Wright v. Florida Power & Light Co.

559 So. 2d 1228 | Fla. Dist. Ct. App. | 1990

PER CURIAM.

Appellee Homestead Newspapers, Inc., who was a defendant below, contends that the summary judgment entered in its favor by the trial court was proper because the newspaper articles in question were protected by the “opinion” privilege as well as by Florida’s common-law “fair comment” privilege. We disagree.

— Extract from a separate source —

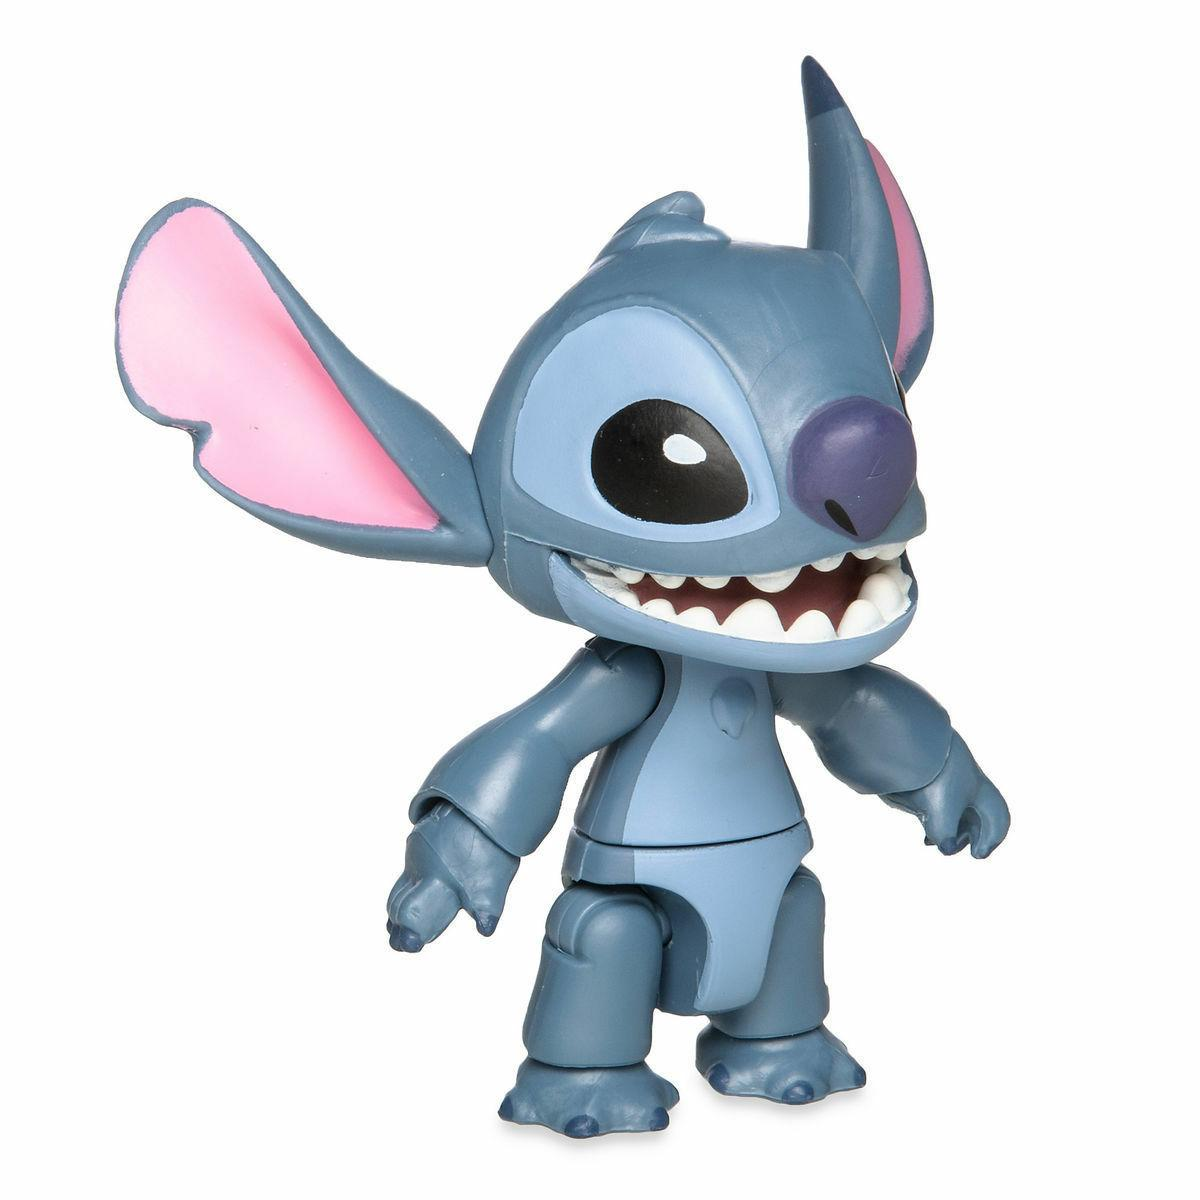 Disney stitch action figure toybox new rare

We hold, as a matter of law, that the comments of the newspaper articles in question constitute factual statements and not expressions of the newspaper’s opinion which otherwise might be protected as being privileged. Furthermore, we hold that the newspaper articles in question are not protected by Florida's common-law “fair comment” privilege due to the fact that the appellant, who was the plaintiff below, is not a public figure see New York Times Co. v. Sullivan, 376 U.S. 254, 84 S.Ct. 710, *122911 L.Ed.2d 686 (1964), nor has he done anything to make himself “part of the passing scene”, see Miami Herald Publishing Company v. Ane, 458 So.2d 239 (Fla.1984); Gibson v. Maloney, 231 So.2d 823 (Fla.1970), cert. denied, 398 U.S. 951, 90 S.Ct. 1871, 26 L.Ed.2d 291 (1970).

Accordingly, as to appellee Homestead Newspapers, Inc., we reverse the summary judgment under review and remand for further proceedings consistent herewith. '

As to the summary judgment entered in favor of Florida Power and Light Company, we find no error, and accordingly, we affirm that judgment.

Affirmed in part, reversed in part, and remanded.